Marek, first, thank you so much for helping me with this!!
One reason you didn't reproduce my result may be that you alternates the Sys.setlocate to chinese as I showed in the first line of the example. It's important; without it, many outputs in Chinese would just returned the hex unicodes or utf-8 codes. (Yihui has talked about this in many places).

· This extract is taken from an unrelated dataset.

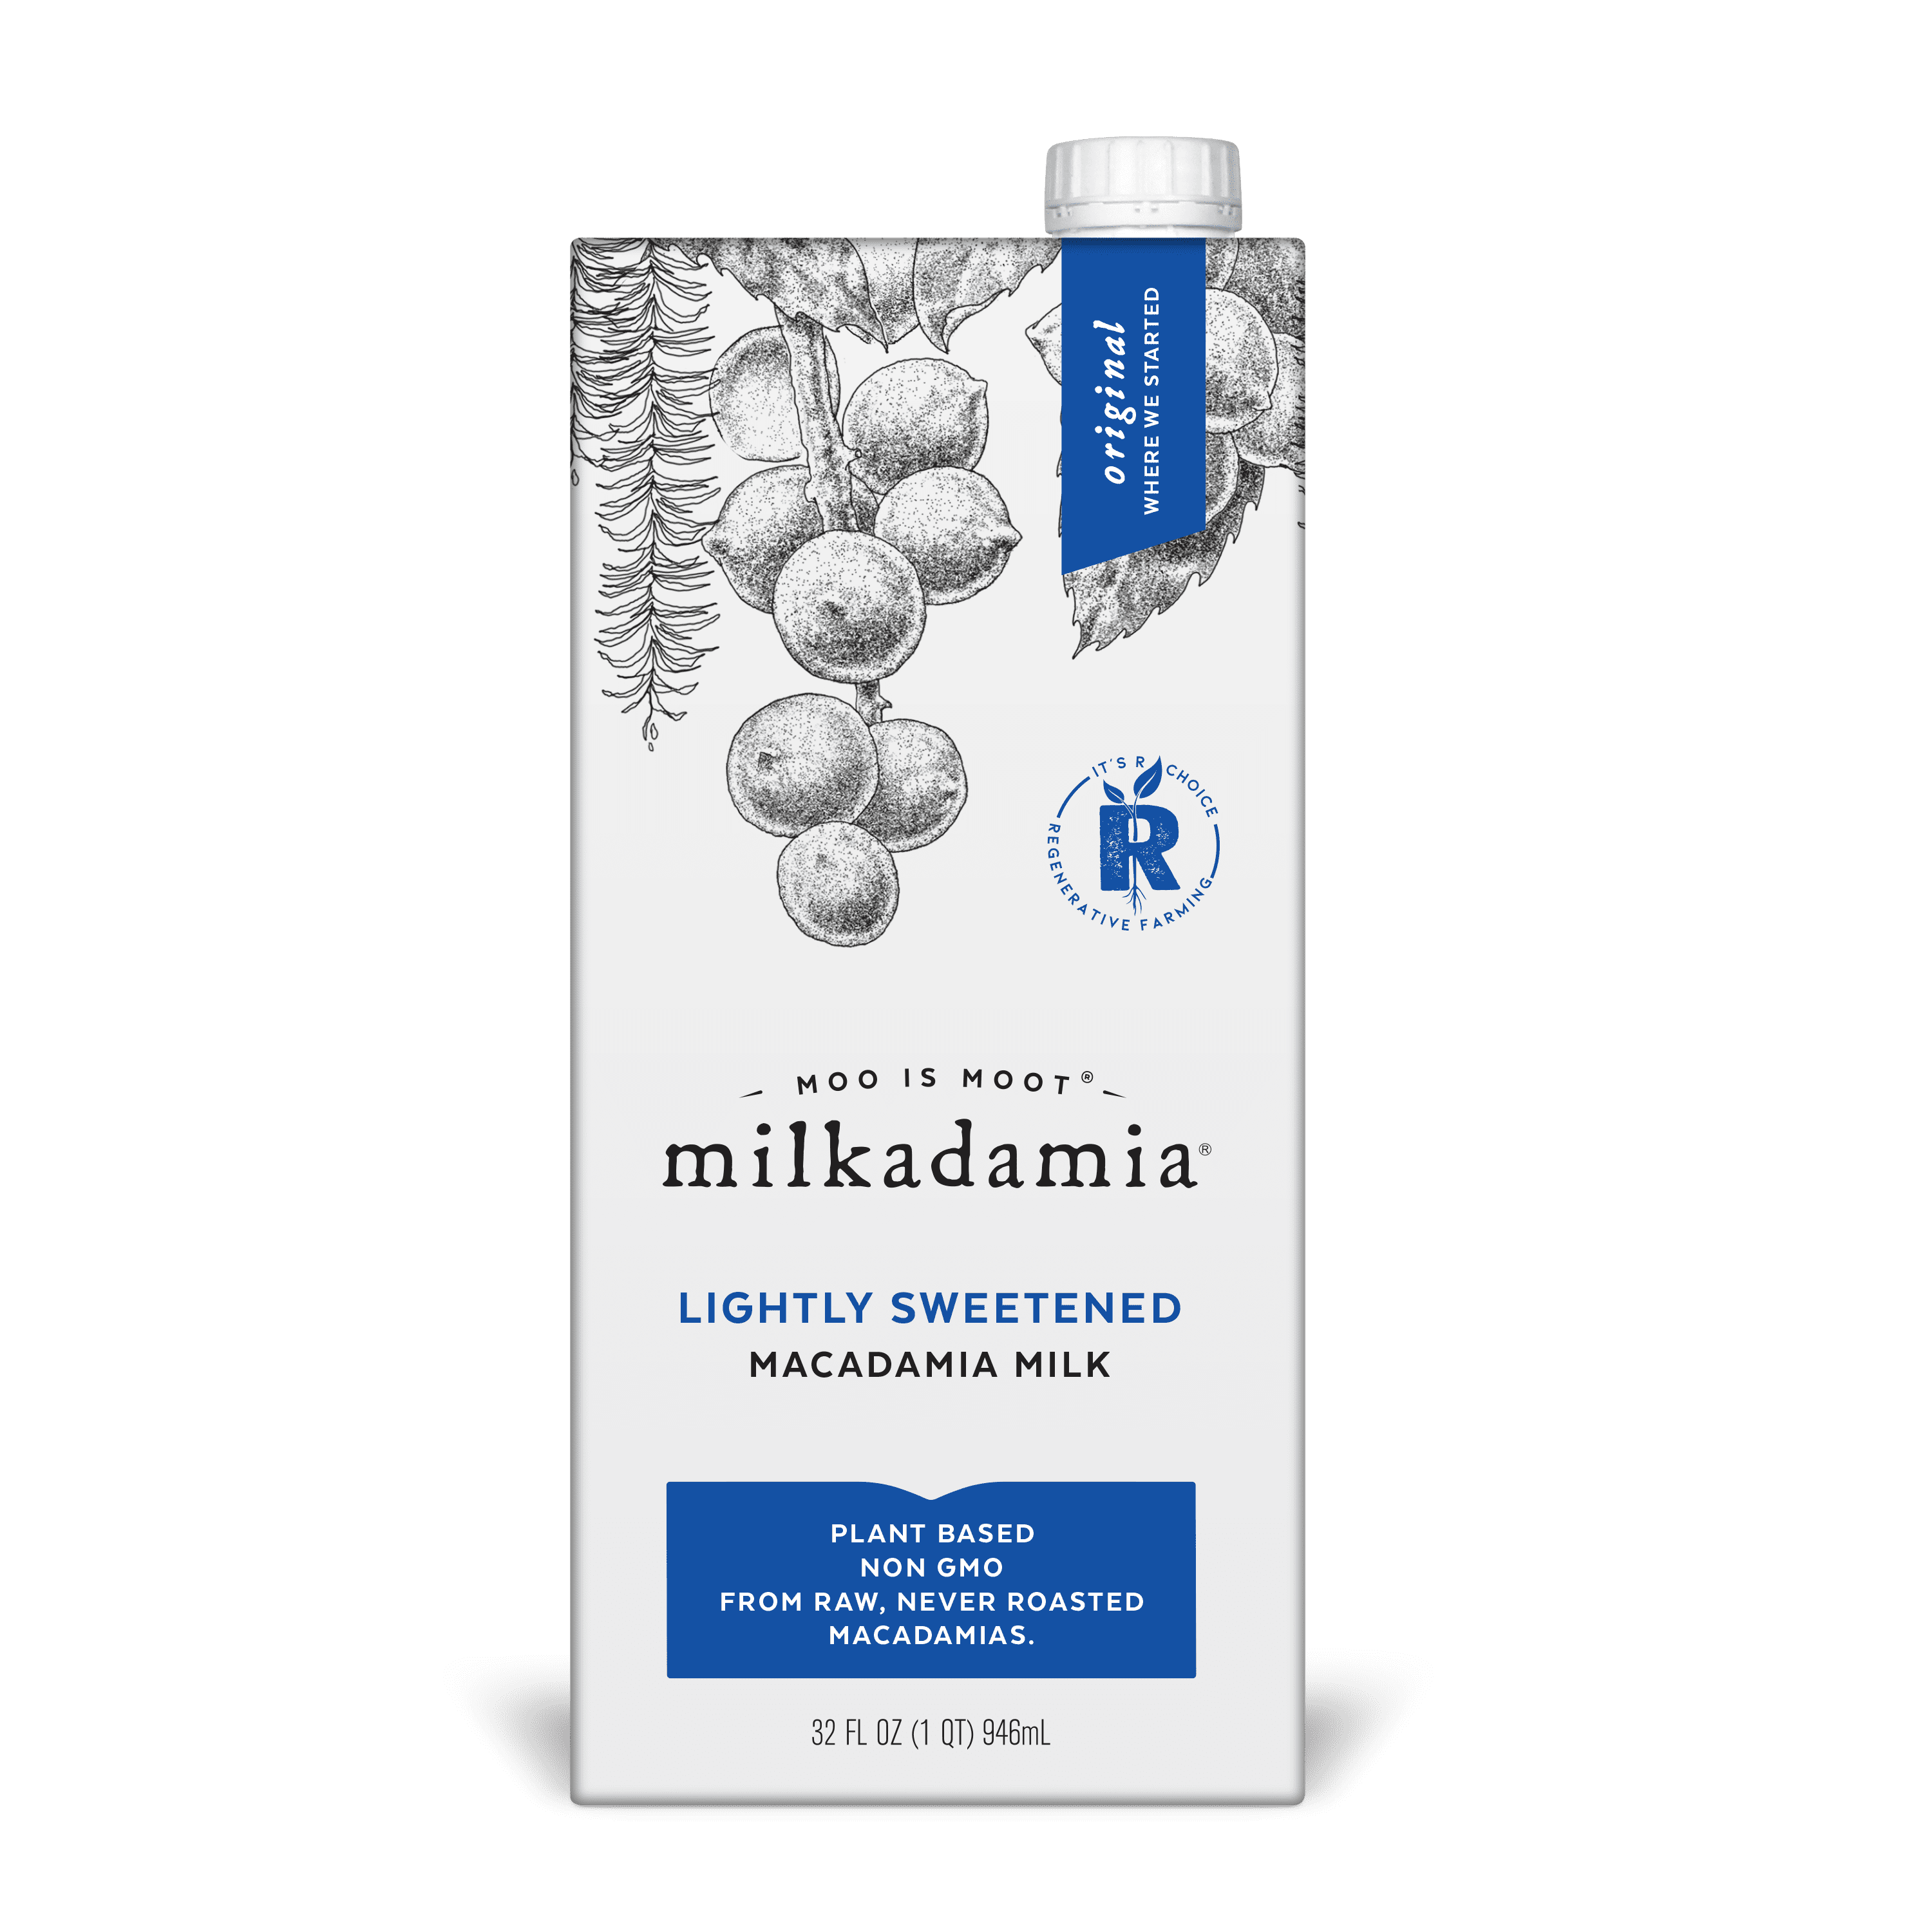 Milkadamia Macadamia Milk Original Lightly Sweetened 6 units per case 32.0 fl

Per your questions, here are what I got:

> stri_escape_unicode("昌平区")
Error in stri_escape_unicode("昌平区") : 
  invalid UTF-8 byte sequence detected; try calling stri_enc_toutf8()
> stri_escape_unicode("")
Error in stri_escape_unicode("") : 
  invalid UTF-8 byte sequence detected; try calling stri_enc_toutf8()
> 
> # According to the error message, I did the the folliwng
> stri_escape_unicode(stri_enc_toutf8("昌平区"))
Error in stri_escape_unicode(stri_enc_toutf8("昌平区")) : 
  invalid UTF-8 byte sequence detected; try calling stri_enc_toutf8()
> ?stri_enc_toutf8
> # According to the error message, I did the the folliwng
> stri_enc_toutf8("昌平区")
[1] "昌平区"
> stri_enc_toutf8("")
[1] ""
> 
> stri_escape_unicode(stri_enc_toutf8("昌平区"))
Error in stri_escape_unicode(stri_enc_toutf8("昌平区")) : 
  invalid UTF-8 byte sequence detected; try calling stri_enc_toutf8()
> stri_escape_unicode(stri_enc_toutf8(""))
Error in stri_escape_unicode(stri_enc_toutf8("")) : 
  invalid UTF-8 byte sequence detected; try calling stri_enc_toutf8()
> 
> 
> charToRaw("昌平区")
[1] b2 fd c6 bd c7 f8
> charToRaw("")
[1] cf d8
> 
> utf8ToInt("昌平区")
[1] NA
> utf8ToInt("")
[1] NA

> stri_info(FALSE)
$Unicode.version
[1] "13.0"

$ICU.version
[1] "69.1"

$Locale
$Locale$Language
[1] "en"

$Locale$Country
[1] "US"

$Locale$Variant
[1] ""

$Locale$Name
[1] "en_US"


$Charset.internal
[1] "UTF-8"  "UTF-16"

$Charset.native
$Charset.native$Name.friendly
[1] "UTF-8"

$Charset.native$Name.ICU
[1] "UTF-8"

$Charset.native$Name.UTR22
[1] NA

$Charset.native$Name.IBM
[1] "ibm-1208"

$Charset.native$Name.WINDOWS
[1] "windows-65001"

$Charset.native$Name.JAVA
[1] "UTF-8"

$Charset.native$Name.IANA
[1] "UTF-8"

$Charset.native$Name.MIME
[1] "UTF-8"

$Charset.native$ASCII.subset
[1] TRUE

$Charset.native$Unicode.1to1
[1] NA

$Charset.native$CharSize.8bit
[1] FALSE

$Charset.native$CharSize.min
[1] 1

$Charset.native$CharSize.max
[1] 3


$ICU.system
[1] FALSE

$ICU.UTF8
[1] FALSE

> 

Does the last couple of lines indicate anything?

@sammo3182
Copy link
Author

With the latter, I get:

stri_detect_regex(tx_xi, "同志们") 
 [1] FALSE FALSE FALSE FALSE FALSE  TRUE FALSE FALSE FALSE  TRUE FALSE FALSE FALSE FALSE FALSE FALSE FALSE
[18] FALSE FALSE FALSE FALSE  TRUE FALSE FALSE FALSE FALSE  TRUE FALSE FALSE FALSE  TRUE FALSE FALSE FALSE
[35] FALSE FALSE FALSE FALSE FALSE FALSE FALSE FALSE FALSE FALSE FALSE FALSE FALSE FALSE FALSE FALSE FALSE
[52] FALSE FALSE FALSE FALSE FALSE  TRUE FALSE FALSE  TRUE FALSE  TRUE FALSE FALSE FALSE FALSE  TRUE FALSE
[69] FALSE FALSE
> tx_xi[1]
[1] "在庆祝中国共产党成立100周年大会上的讲话"

Sorry for the confusion. My bad for the miscoding. The problem remains, though. Try this:

library(dplyr)
library(rvest)
library(stringi)
#> 
link_speech <- "http://www.xinhuanet.com/politics/2021-07/15/c_1127658385.htm"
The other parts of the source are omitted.